**Data:**

****

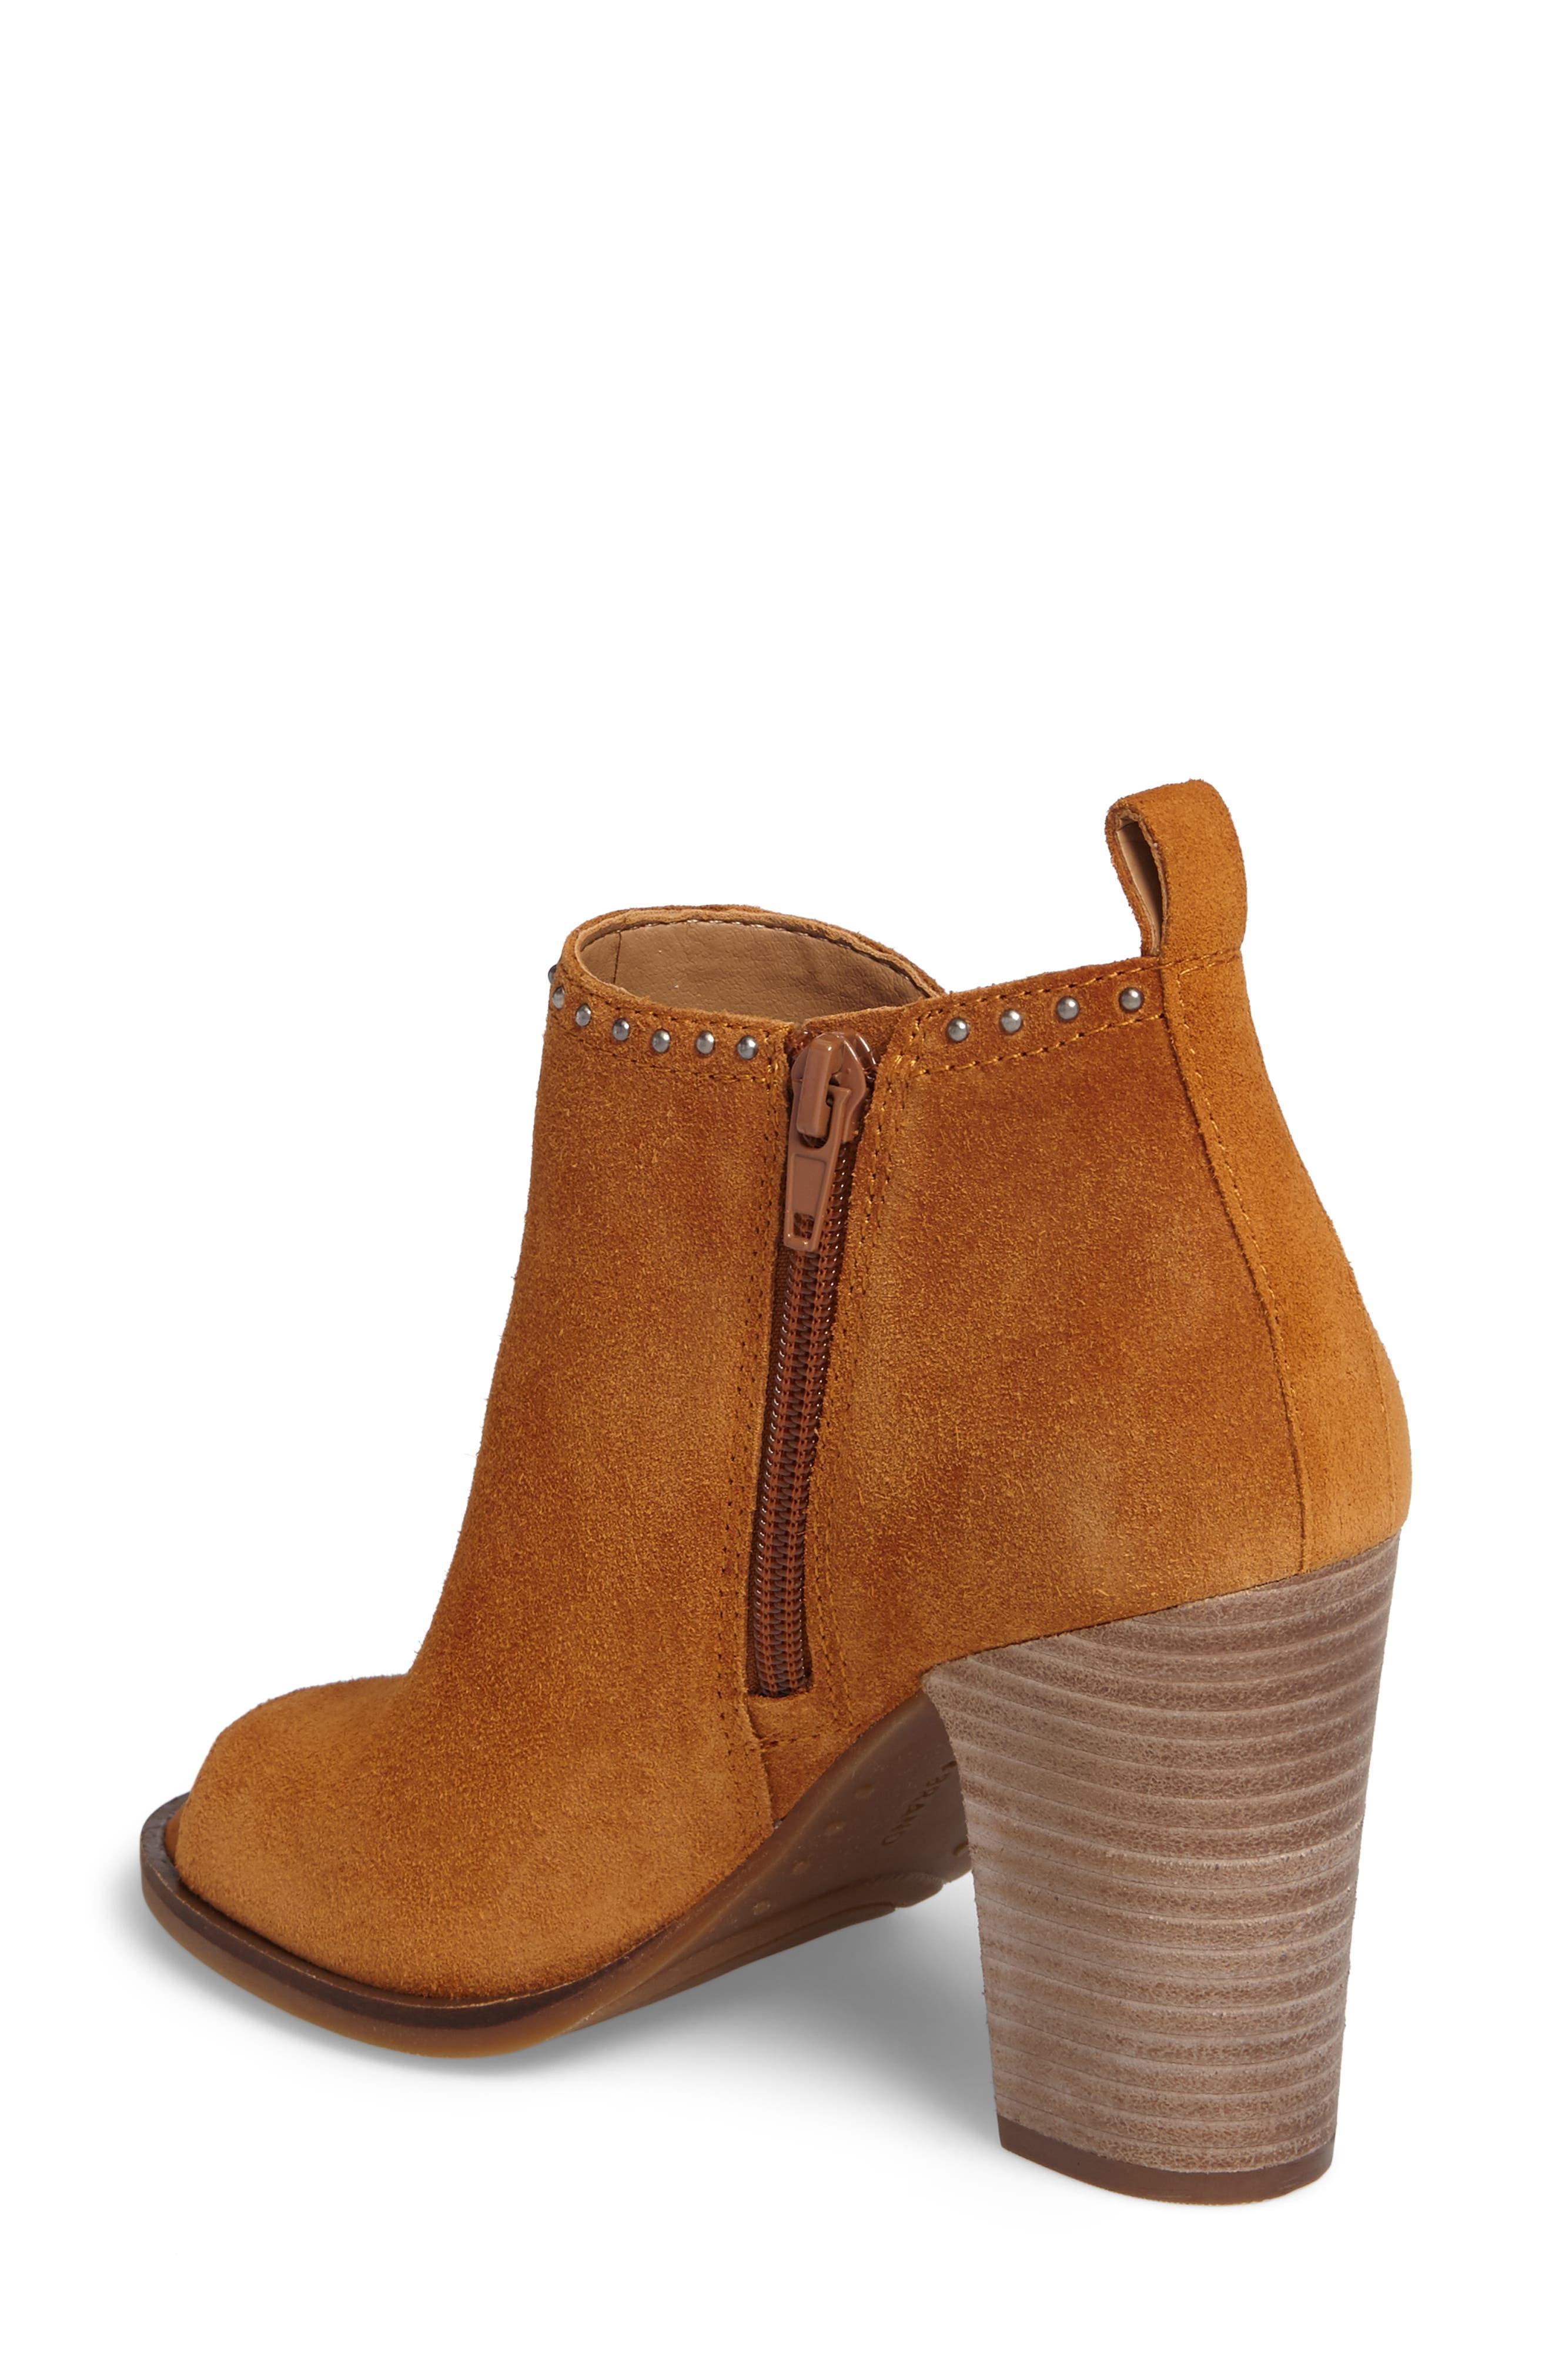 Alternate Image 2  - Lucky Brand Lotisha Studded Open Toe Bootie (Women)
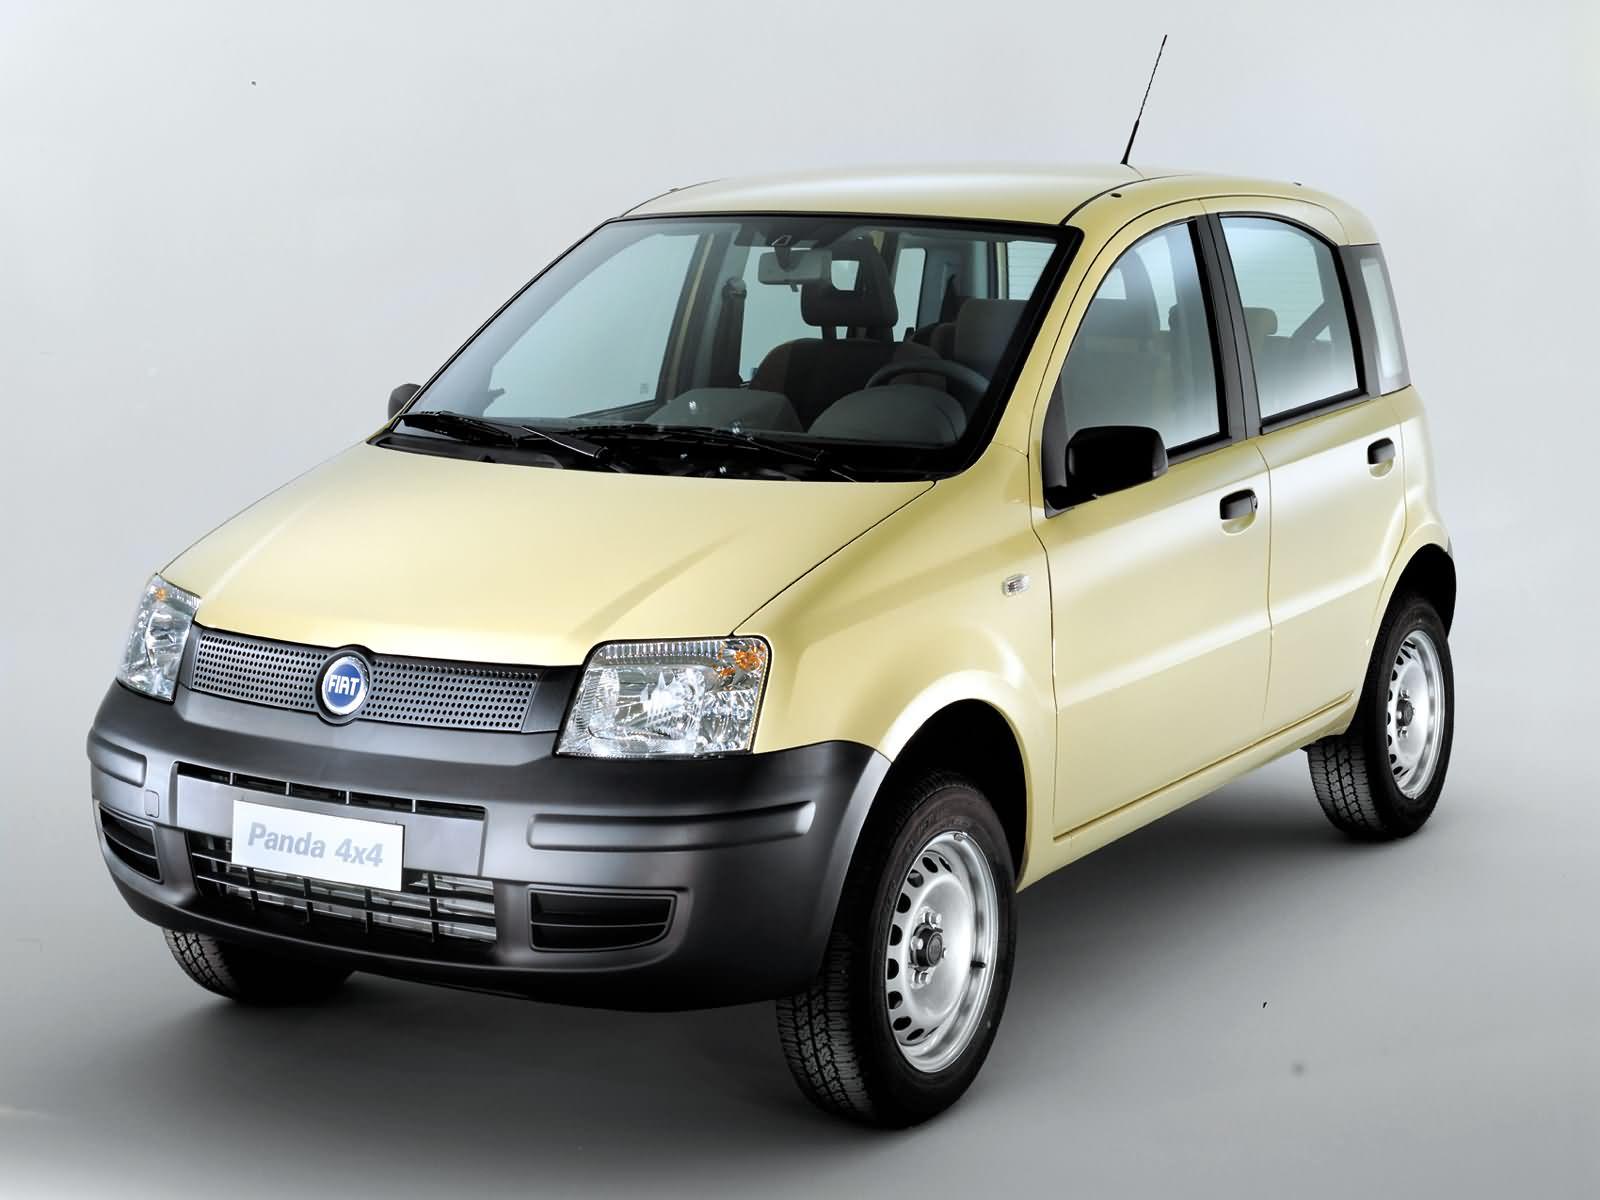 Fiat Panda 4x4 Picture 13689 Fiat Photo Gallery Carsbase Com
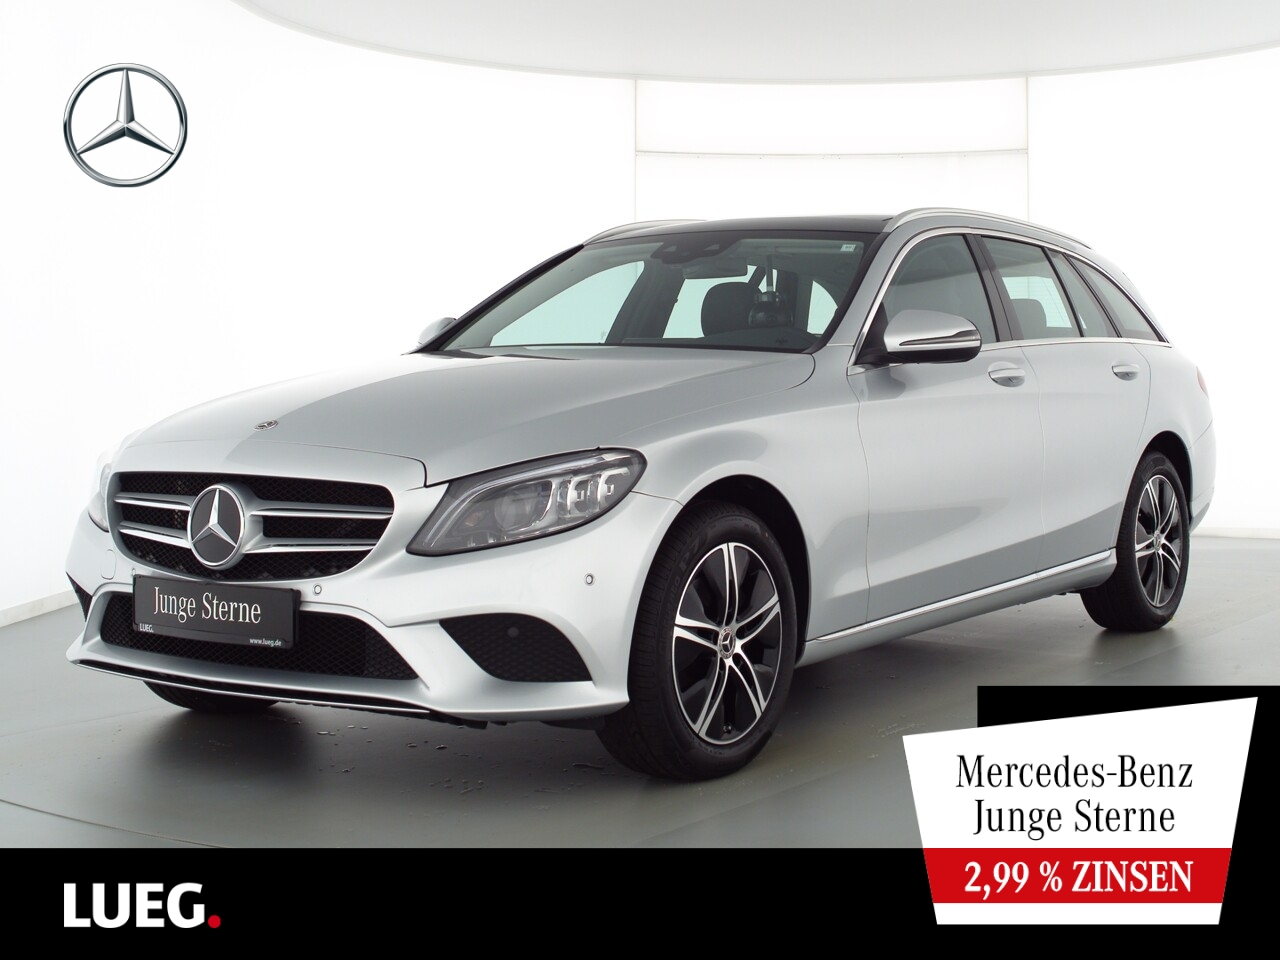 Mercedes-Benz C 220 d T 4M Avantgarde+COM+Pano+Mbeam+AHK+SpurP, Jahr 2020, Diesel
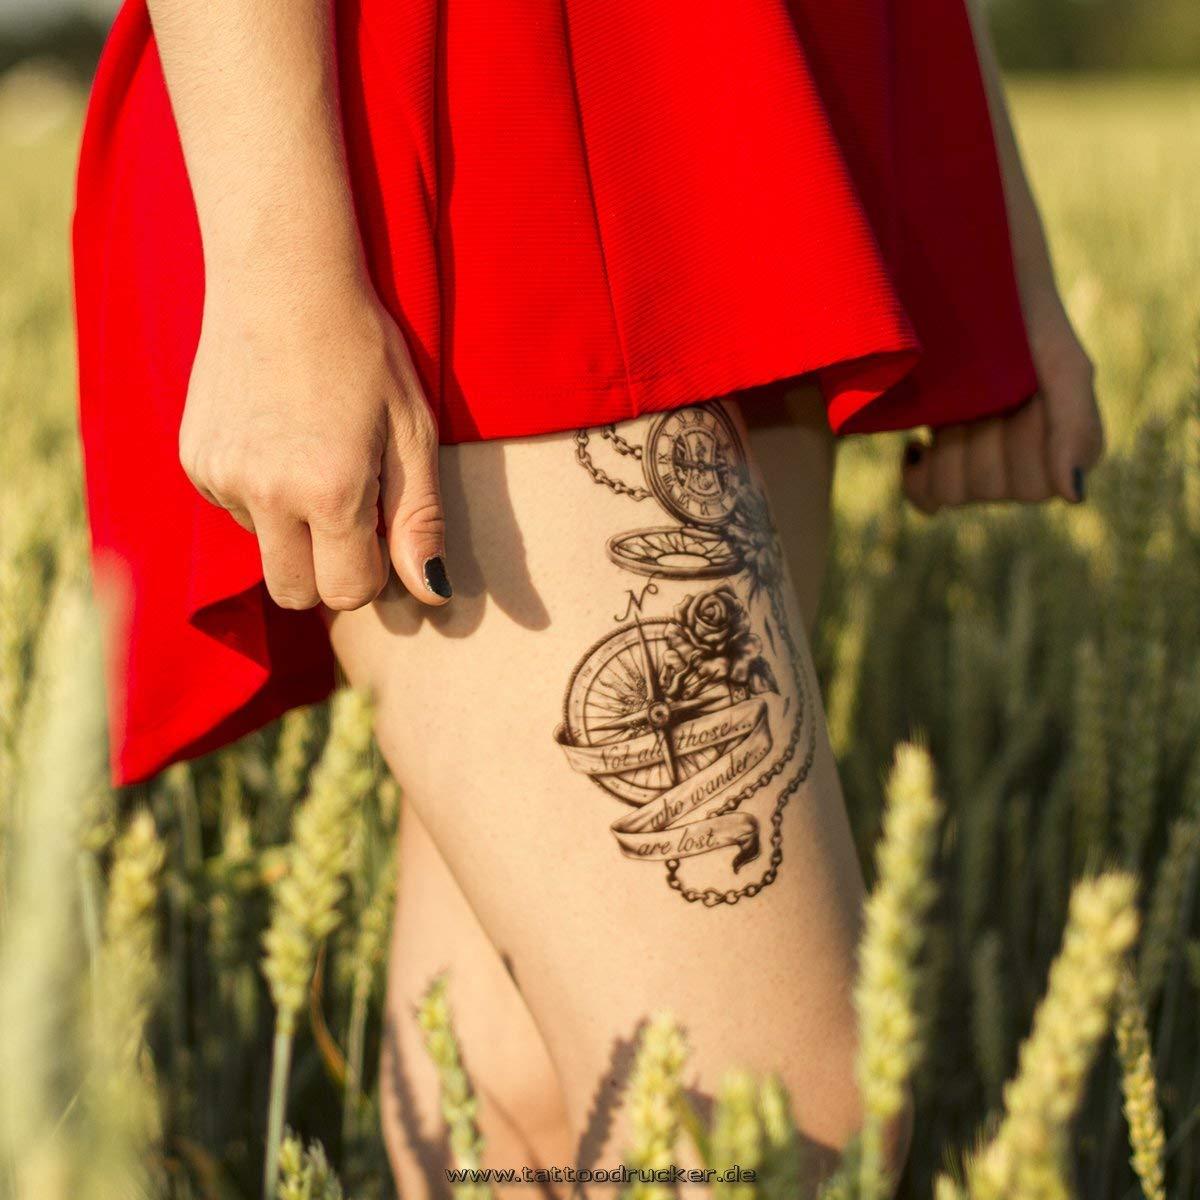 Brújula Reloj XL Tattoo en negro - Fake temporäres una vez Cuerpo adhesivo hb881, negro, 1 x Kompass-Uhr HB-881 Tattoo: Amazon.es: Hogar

****

Output nothing but the lines from the one containing "Mercedes-Benz C 220" to the end of the listing, both ends included, reproduced exactly. Pictures stay out.

 Mercedes-Benz C 220 d T 4M Avantgarde+COM+Pano+Mbeam+AHK+SpurP, Jahr 2020, Diesel
 Brújula Reloj XL Tattoo en negro - Fake temporäres una vez Cuerpo adhesivo hb881, negro, 1 x Kompass-Uhr HB-881 Tattoo: Amazon.es: Hogar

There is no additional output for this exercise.